NASA line-up was zero on surprise element, low on leadership innovation

NASA principals of during their presidential candidate unveiling rally at Uhuru Park on April 27, 2017. [DENNIS OKEYO, STANDARD]

This past Thursday, there were probably a grand total of five people nationwide expecting the unveiling of a truly New Improved Opposition ‘with Powerfoam Plus’. The rest of the country knew Raila would be the flag bearer and the flag bearer would be Raila. End of story. Some even made spot on predictions of how the ‘NASA principals’ line up’ would look like.

Although the configuration that NASA presented to us at Uhuru park was zero on surprise element and low on leadership innovation, it was high on hidden comedic value. First of all, as Ekuro Aukot aptly put it: “Mudavadi, Ruto & Wetang’ula being promised posts of premier & deputy premiers respectively is like being promised gizzards when slaughtering a goat”.

It is not so much the hollowness of the promised positions that is baffling, it is the three politician’s feeble acceptance of the arrangement that is more perplexing. It is as if they do not realise the goat’s gizzard is not existent, or that if it miraculously was - the gizzard reward would be the equivalent of being awarded a lollipop for slaying a dragon: a complete and utter shortchange!

For Governor Ruto, Anne Waiguru’s former job was re-baptised and given a solemn title: State Department of Devolution and Planning. Dalmas Otieno’s past ordinary Public Service Cabinet job was decorated with political flowers and placed at Moses Wetangula’s feet as a novel offering. But the mysterious tribute to Mudavadi takes the cake. It only provides us a ‘more questions than answers scenario’. What will his job entail? Does ‘Chief Cabinet Secretary’ gain ‘Prime Minister’ status ceremonially or as head of government? Will his tasks include showing the Cabinet Secretaries where to stand when taking official Cabinet photos? Isn’t arranging the business of the Cabinet Joseph Kinyua’s or someone or the other’s present job? How has Cabinet been coordinating itself without this position since independence? It is like being convinced that you need an application on your phone to remind you to brush your teeth, a clockwork task you’ve been undertaking for years.

These ‘premier’ cabinet positions appear to be nothing but promissory ‘consolation prizes’, with little to no guarantee of actualisation.
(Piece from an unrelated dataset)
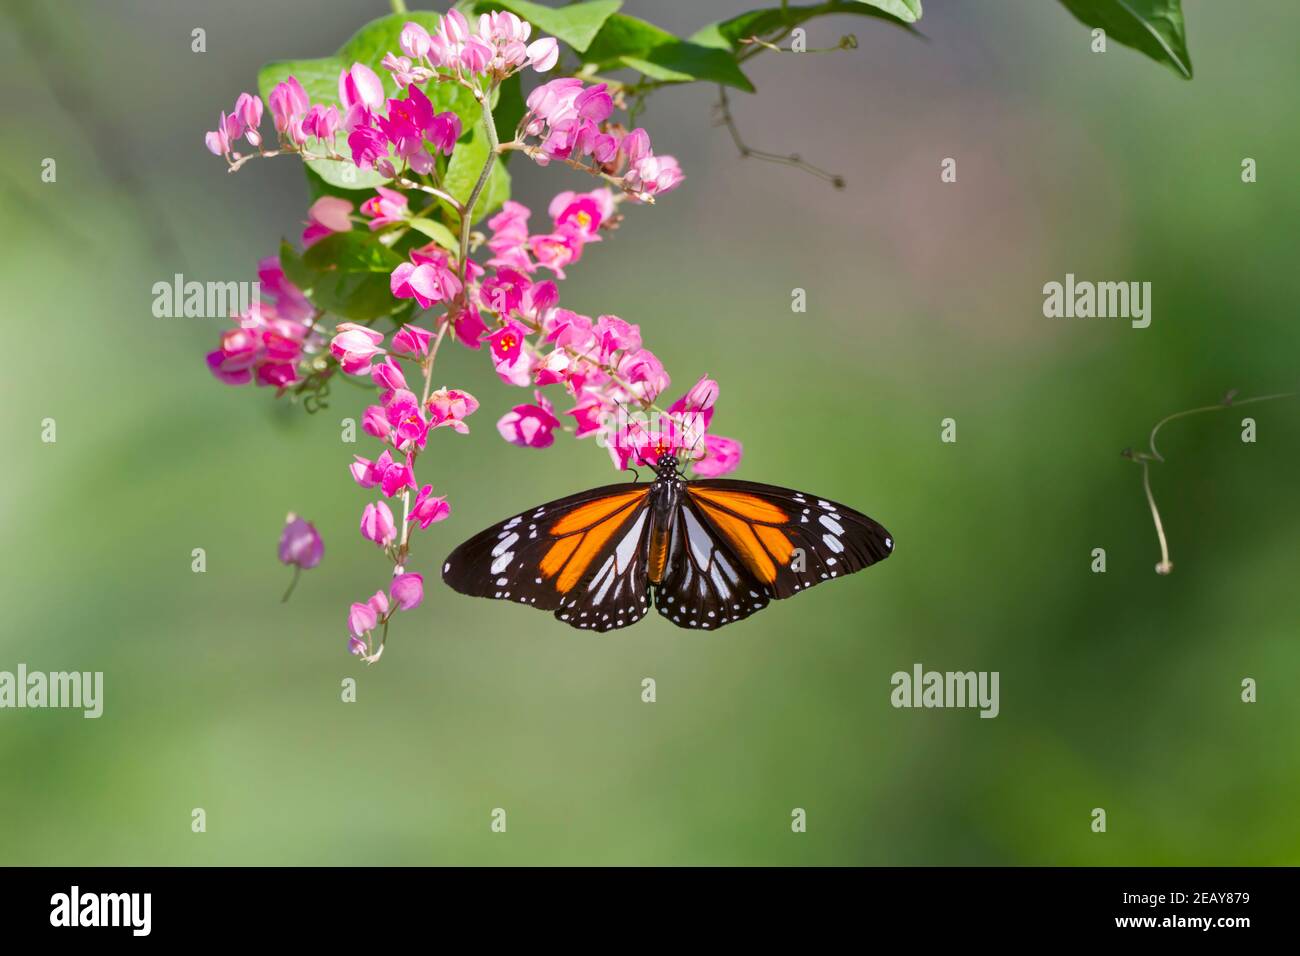 Black Veined Tiger Butterfly, Danaus melanippus hegesippus on Coral Vine, Antigonon leptopus Stock Photo

I say this because of two things. The first is that the political promises are made within a re-incarnation of a coalition that has a past strewn with broken ‘gentlemen’s agreements.’ Secondly, unless the three will be satisfied to hold ordinary cabinet positions with fancy names, there has to be either parliamentary action or a referendum in order to change the configuration of the executive. This is stipulated in Article 255 of the Constitution. NASA is aware that Parliamentary action is a long shot without the numbers in the House. And that a referendum is an even longer shot.

Less than 24 hours after NASA’s triumphant declaration, something further thickened the plot of this political telenovela. A blabbering Francis Nyenze entered the scene saying that he wants to ‘speak the truth and shame the devil’. The Leader of Minority alluded that Kalonzo is in the coalition representative only of himself, because his people were still stinging from the broken MoU. He was asking- Why would the ‘Kamba Nation’ vote for Raila now when 2017 is supposed to be their turn?

Now, with this precarious ‘MoU’ situation in mind, let us explore a few questions. If indeed Kalonzo and Mudavadi have hitched their wagon onto a back-tracking Raila, have they done so with full confidence? Is Nyenze a poorly disguised Kalonzo messenger? Is Kalonzo under duress in the coalition and aiming to still remind Raila that the Kamba vote is not guaranteed without him at the helm? Or is Nyenze truly representing disgruntlement of the Wiper party? Is he expressing the true sentiments of the Kamba Nation?

My view: the insecure principals will soon find that ‘a bird in hand is worth three premier positions in the bush.’ Because of the long festered mistrust in the coalition, the glue is weak. The likelihood that they will stay put as the frugality of their situation dawns on them, diminishes everyday. In the face of their illusionary pimped up posts, an instinct for political survival will drive them into the arms of a government that would be more than ready to dangle guaranteed positions - albeit with less ornamental titles.

The writer is a PhD candidate in Political Economy at SMC University, Switzerland and a Research Fellow at the Fort Hall School of Government.